I have a situation where a client is asking that a block of code they provided appear before ANY calls for scripts or links in the document head. It is for a company-wide Cookies Consent pop-up and, apparently, it is critical that it is the first script in the DOM. I have placed the code first in the Custom Code tab, but Webflow automatically places their call for the link to the site CSS and for Google’s webfont.js above that code. I realize that if we were self-hosting I could export the site code, adjust the head code manually, and publish the corrected files. Problem solved. However, we host the site through Webflow, we have collaborators that actively work in the site, etc., so self-hosting is not an option.
Given the code, I would think the easiest solution would be to force any links or scripts that appear above the code to the bottom of the head. Is that something that is possible, perhaps using javascript or jquery?
I hesitate to share this out of compassion and respect for your sanity.
But, if you enjoy rabbit holes and the whole Alice in Wonderland experience, you might like the possibilities afforded by this link.
The rabbit hole is deep. I couldn’t find the bottom. An emergency evac plan is recommended.
My theory was you could build this to achieve your SCRIPT at top result…
HTTP-GET retrieves the HTML doc
Browser begins interpretation from the top
It hits your blocking SCRIPT element hopefully before it’s decided to follow any external links to CSS or scripts
Your SCRIPT takes the full HTML of the page, injects your desired cookie SCRIPT chunk right after HEAD. It also removes your bootstrap SCRIPT so it won’t run recurringly.

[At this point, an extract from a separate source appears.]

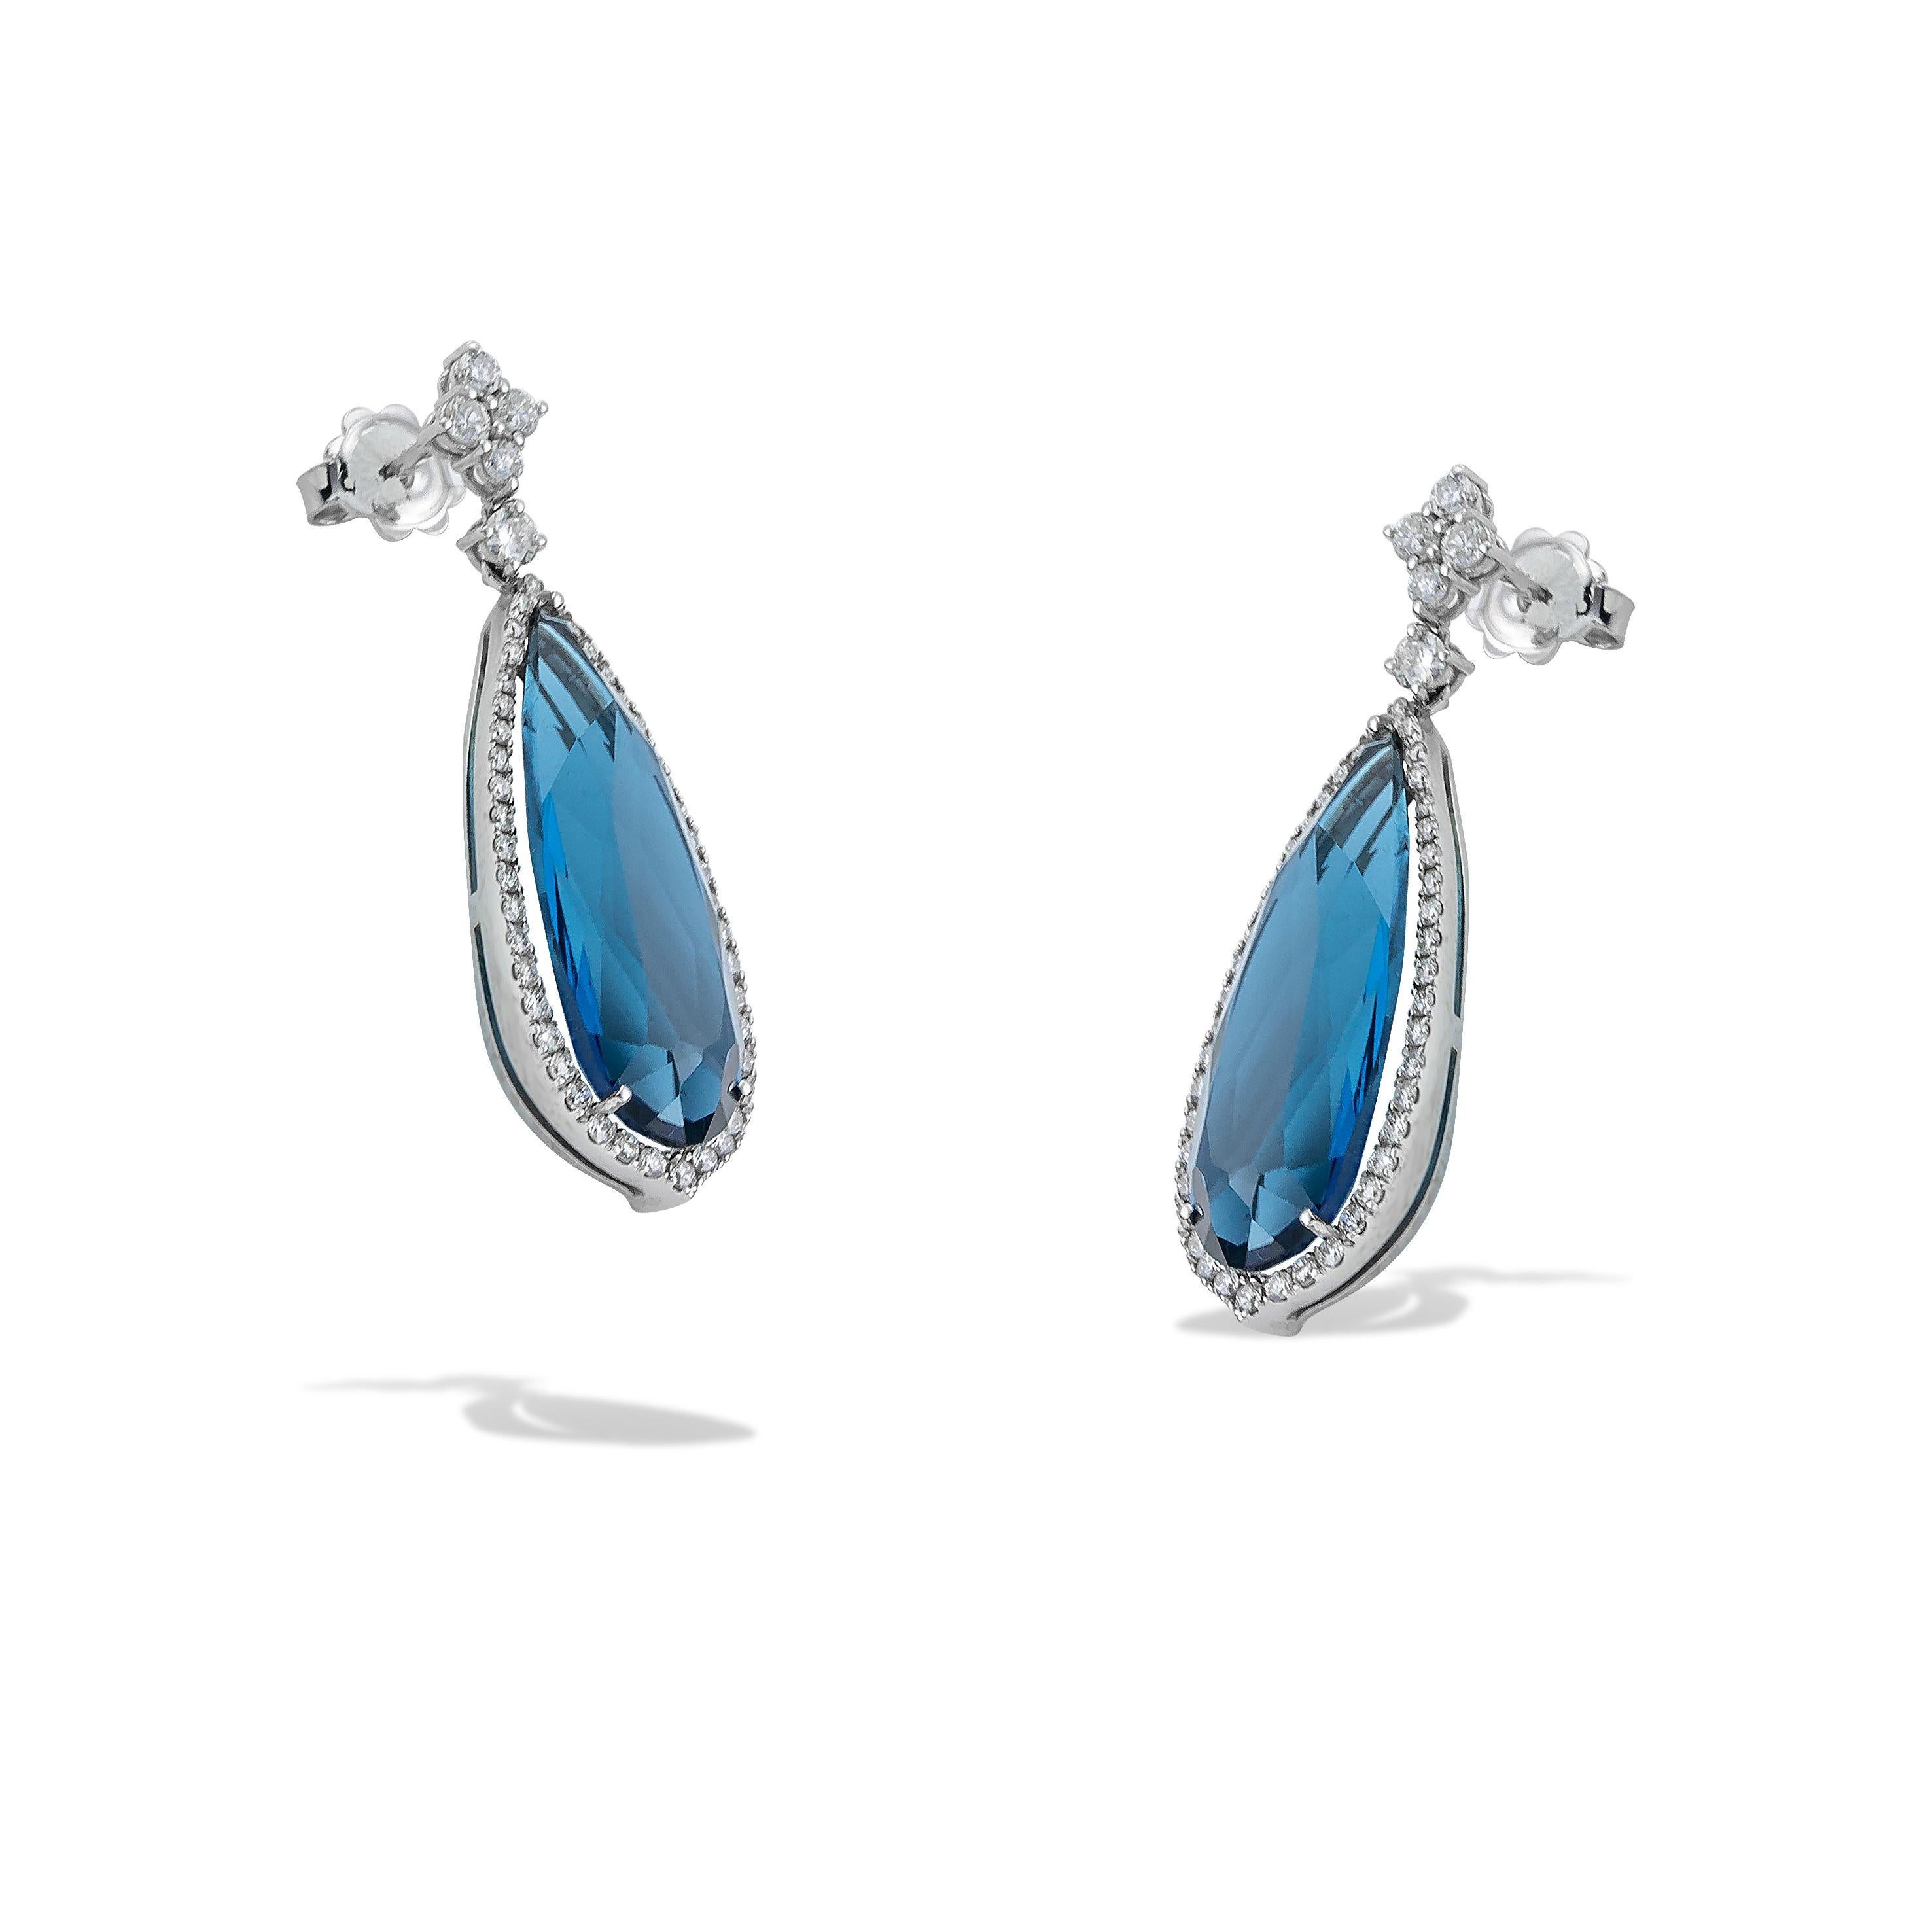 Unique long dangle earrings, Pear shape, with London Blue Topaz and white brilliant cut diamonds handcrafted in 18Kt white gold. The big and rare London Blue Topaz adds colour in your outfit while the brilliant diamonds around it play with the light

Your SCRIPT then hard-replaces the full HTML content of the page.
The browser, hopefully, aborts its current HTML processing and starts over in the processing, which now has your cookie SCRIPT first. Otherwise the page is identical.
You can see why I had to try. This is sort of the ultimate geekery, in that if it worked, you could literally fix anything you wanted Webflow to generate differently, while still using Webflow’s hosting.
Here’s what I found in my journey… all of the script is in the homepage HEAD code area.
I didn’t succeed in getting it to work the way I wanted, but it was a good mental workout. Someone else might have the time to figure out how to complete it properly.
Also, I just want to take a moment to appreciate how hard markdown is working to figure out what this thing is. I’ve turned off its color coding here because it just made the code way more confusing, and it really doesn’t need assistance there.
<!-- DISCARD -->
<script>
// Prepare our script for injection
const script = `<!-- <script>
// Your special cookie script goes here
console.log('injected script running.');
alert("Hello World");
</script> -->`;
// Get the whole current page HTML
var html = document.documentElement.outerHTML;
// Inject the script
html = html.replace("<head>", `<head>${script}`);
// Remove this bootstrap script, so it won't re-run on the reformed page
const regex = /(<!-- DISCARD --[\s\S]*<!-- \/DISCARD -->)/gm;
html = html.replace(
regex,
'<!-- BOOTSTRAP IS GONE, BABY -->');
// Perform ancient shamanistic wizardry here
// https://stackoverflow.com/questions/4292603/replacing-entire-page-including-head-using-javascript/4292640#4292640
document.open("text/html", "replace");
document.write(html);
document.close();
</script>
<!-- /DISCARD -->
Thank you for sharing. Unfortunately, the client is very insistent and will not accept anything less than what they are asking for. Apparently, they have their reasons, and I’m just some guy down on the totem pole. ¯_(ツ)_/¯
Oh wow. The rabbit hole is indeed cavernous. I think the solution for my purposes is to self-host the site. However, the site has a CMS component that presents its own set of issues. It seems like a lot of work for such a small thing.
I was afraid of that. Just explain to them that it requires leaving the Webflow hosting environment entirely, and therefore building custom back-end integration to a new CMS. Customers don’t understand tech, but they do understand $$$. Usually.
A few years ago, I was an MC at a large bank, leading a number of tech projects. One one, the executive stakeholders requested a “small feature change,” and I had to explain that this small change would turn their $80k project into a $10 mil project. They wanted it anyway. It ended up costing $8.5 mil. Oh well.
Hey Michael, now I’m seeing you in almost every post, haha!
I was looking for a solution to run scripts after DOMLoad (which is quite easy, but I didn’t learn JavaScript properly yet, so know just snippets and stuff), but found this post and your story — which I totally agree, communication is the key.
Do you mind sharing what was that “small feature change”? Quite curious what it was that made the cost sky-rocket so much!